Natalio hat an der Johannes-Gutenberg-Universität in Mainz zum ersten Mal mit Meeresschwämmen gearbeitet. Dort wurde er bei Professor Werner Müller, einem renommierten deutschen Schwamm-Experten, promoviert. In seiner Doktorarbeit entwickelte er ein Material, das zum Beispiel bei Knochenkrebspatienten als Knochenersatzmaterial dienen könnte.
Als "Post Doc" beschäftigte er sich in Mainz mit Meeresalgen und ihrer Resitenz gegen Bakterienbefall. Mithilfe von Nanopartikelnentwickelte er einen Schiffslack, der gegen Algen- und Bakterienbefall im Meerwasser resistent ist. Die Arbeit wurde 2012 in „Nature Nanotechnology“ publiziert und von BASF patentiert.
Auch die Studie, die am 15. März im renommierten Wissenschaftsmagazin „Science“ veröffentlicht wurde, ist noch in Mainz entstanden. Darin beschreibt der 34-Jährige die Entwicklung eines neuen Materials, das außergewöhnlich robust und zugleich so biegsam wie Gummi ist. Glasschwämme dienten dafür als Inspiration. Die stangenartigen Tiere leben seit mehr als 500 Millionen Jahren auf dem Meeresgrund.
Sie bestehen aus nadelförmigen Skelettelementen, die durch Biomineralisation aus dem Mineral Kalzit und einem organischem Kleber (Proteine) Schicht um Schicht zu einer perfekten Struktur anwachsen. „Diesen natürlichen Entstehungsprozess haben wir versucht zu kopieren, indem wir im Labor Silikateine zu Kalzit-Nanopartikeln hinzugefügt haben“, erläutert Natalio. Mit Hilfe des Proteins Silikatein bilden einige Schwammarten ihr Skelett.

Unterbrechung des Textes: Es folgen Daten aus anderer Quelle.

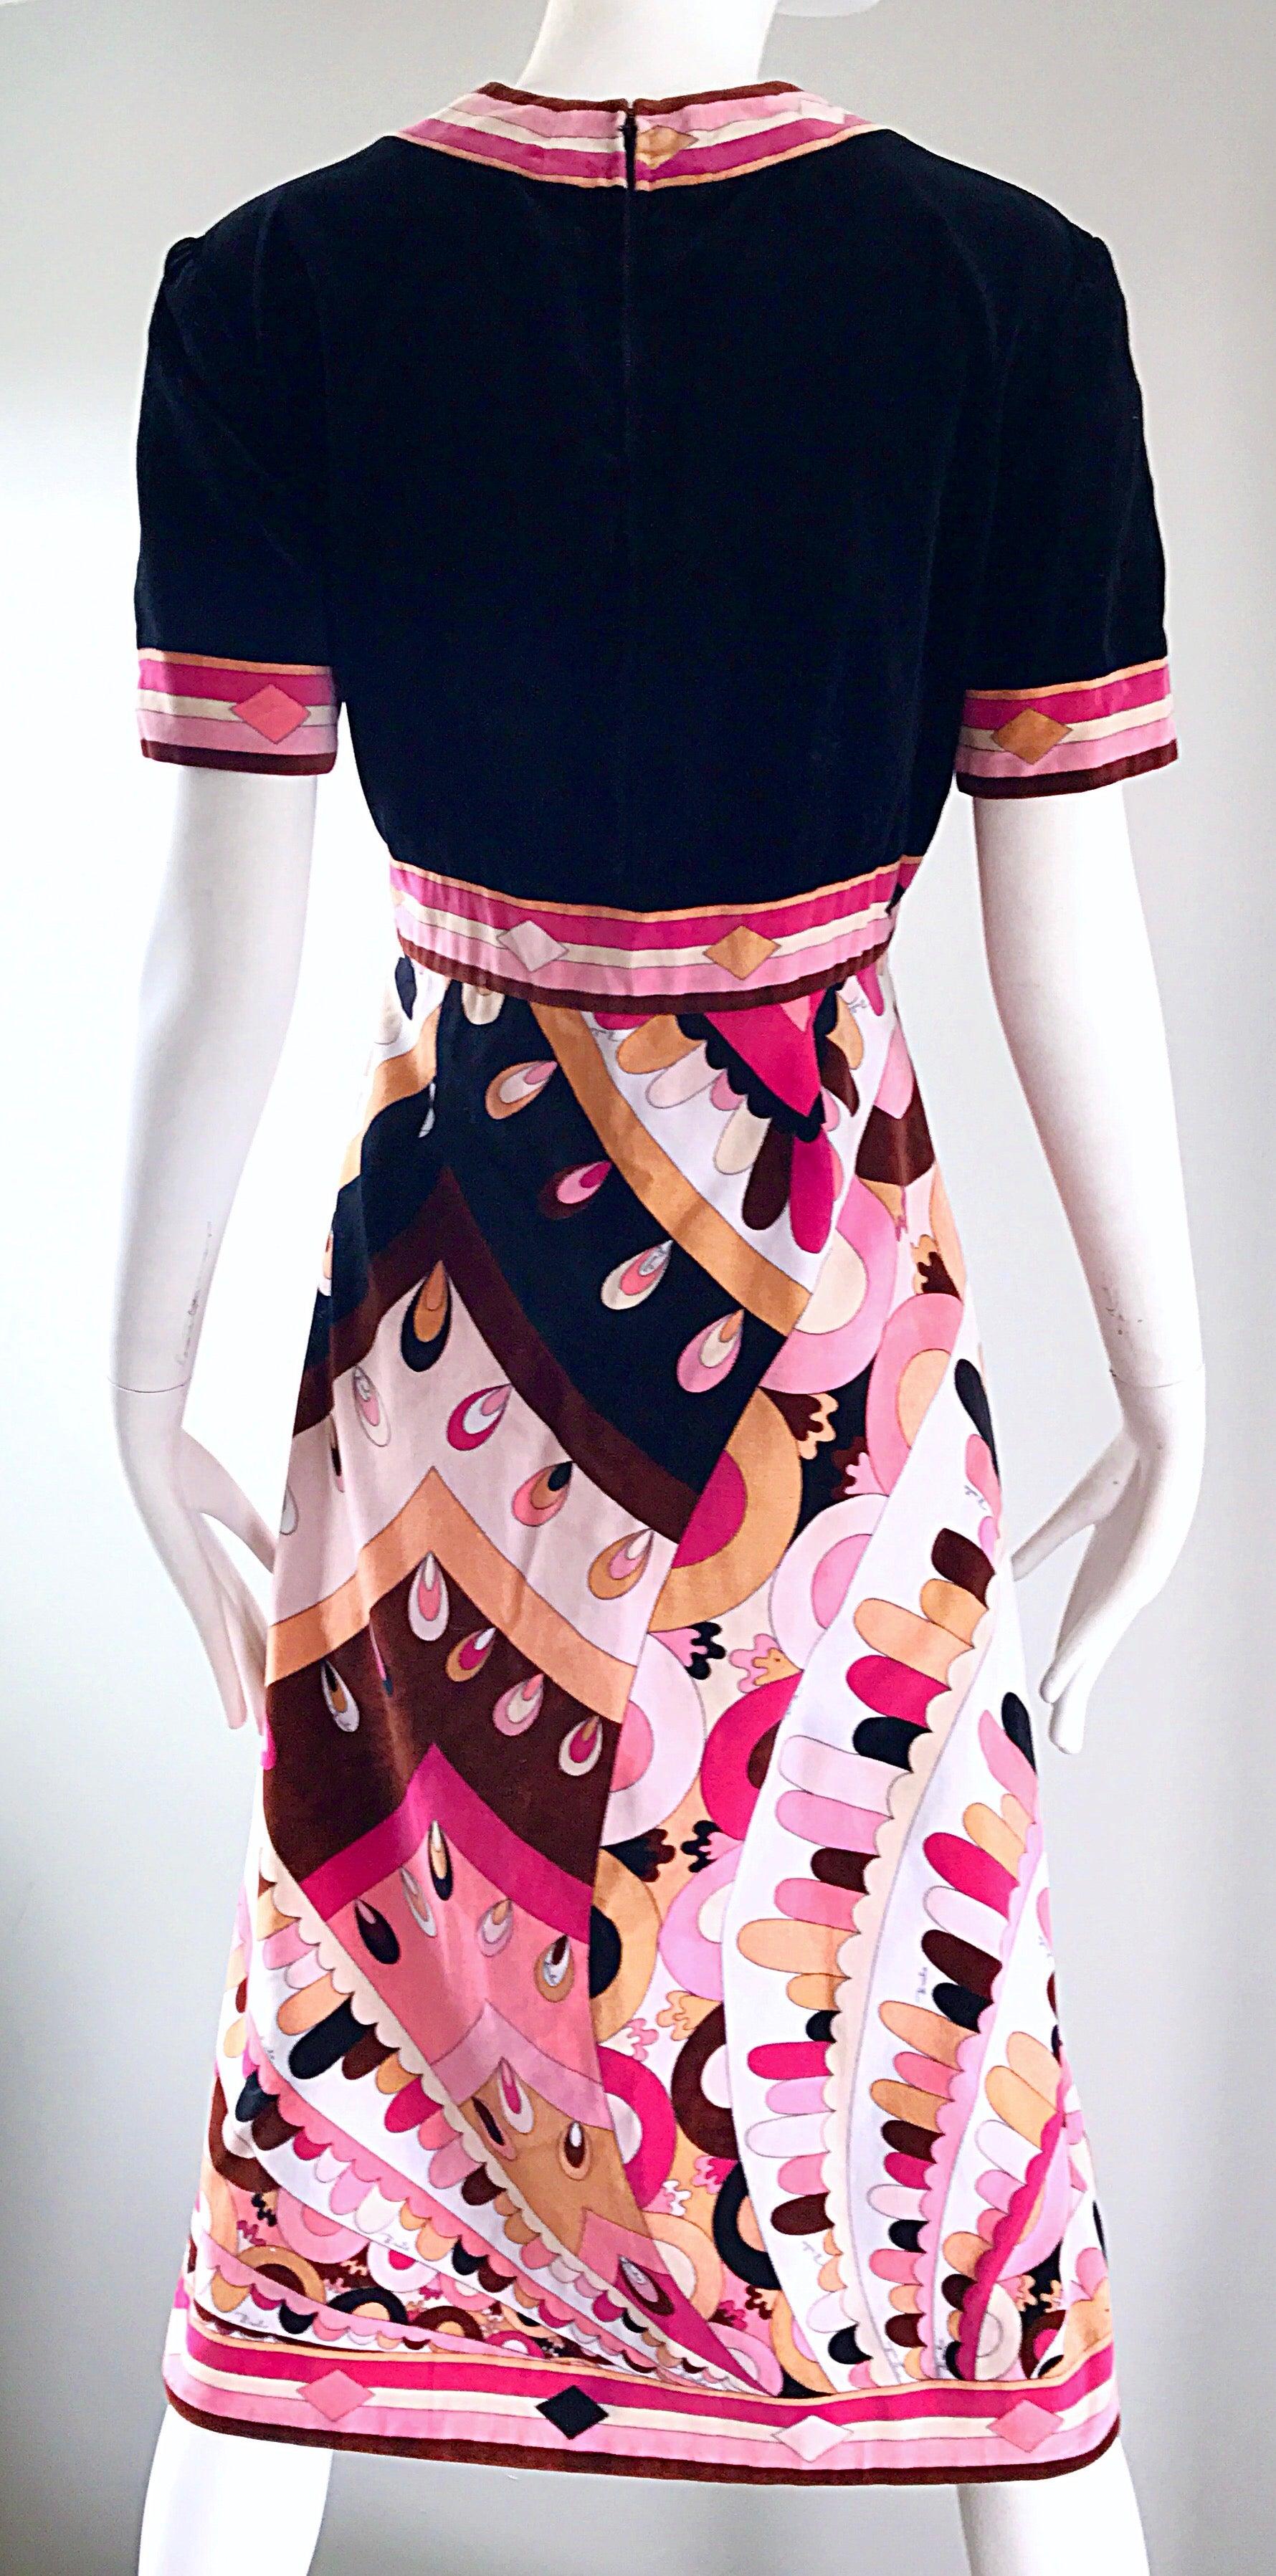 39cd8e529151 Vintage Emilio Pucci 1960s Signature Kaleidoscope Print 60s Velvet A Line  Dress For Sale at 1stdibs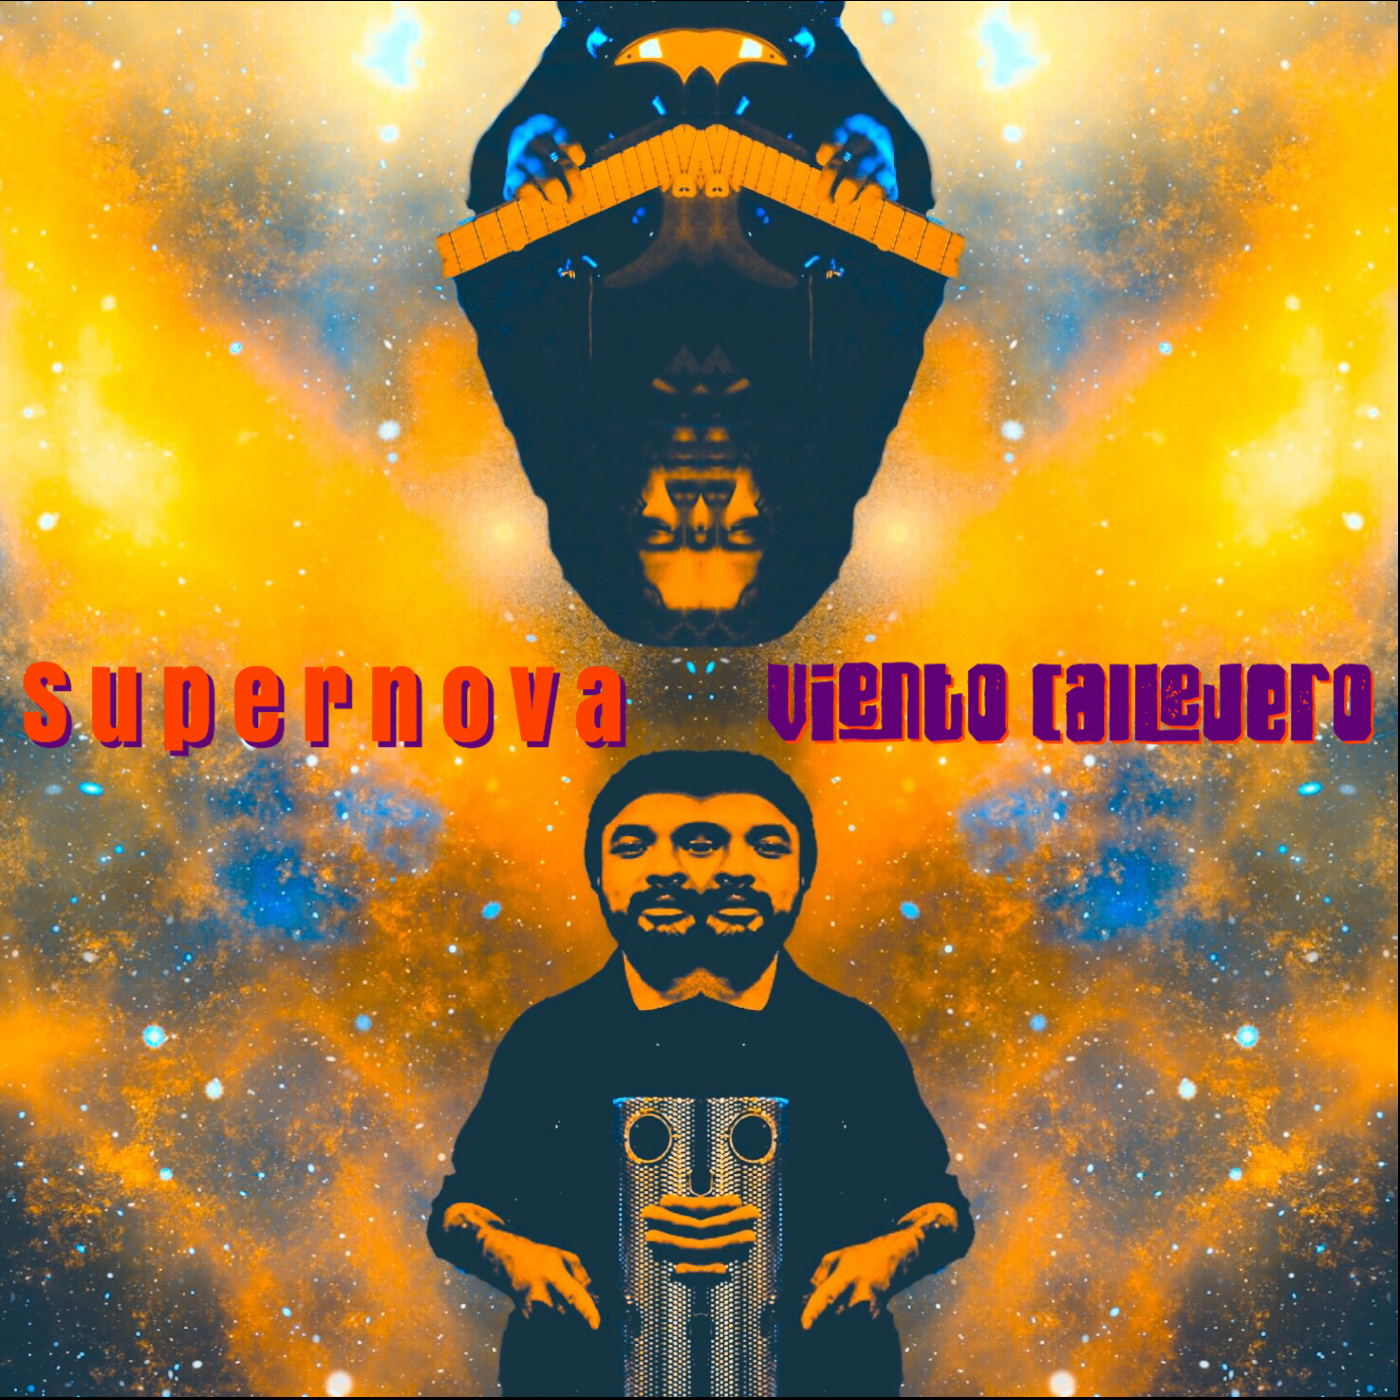 Supernova 1400.jpg

Der Prozess ist mit einer Kristallisation vergleichbar. „Aber statt wie bei einer Kristallisation einen Kristall mit Ecken und Kanten zu bilden, wuchsen längliche Stäbe, die aussahen wie Zigarren“, erzählt Natalio. Jeder der nadelförmigen „Stäbe“ besteht aus winzigen Nanopartikeln aus Kalzit. Außerlich ähnelten sie ihren natürlichen Vorbildern. Zur Überraschung der Forscher erwiesen sie sich aber als dreimal so robust. Selbst wenn sie im 180-Grad-Winkel zu einem U gebogen werden, überstehen die Nadeln diese extreme Belastung nahezu unbeschadet.
Die künstlichen Skelettnadeln im Video:
Dahinter steckt ein bislang unbekannter Aufbaumechanismus des Biominerals: Die Silikateine wirken wie ein Schmiermittel, das die Kalzit-Nanopartikel miteinander verbindet und zugleich die Elastizität der Struktur erhält. Dem Team um Filipe Natalio ist es damit gelungen, den natürlichen Bauplan dieses Biominerals zu entschlüsseln und das erste biomimetische Biomineral mit ähnlichen bzw. sogar verbesserten Eigenschaften zu entwickeln.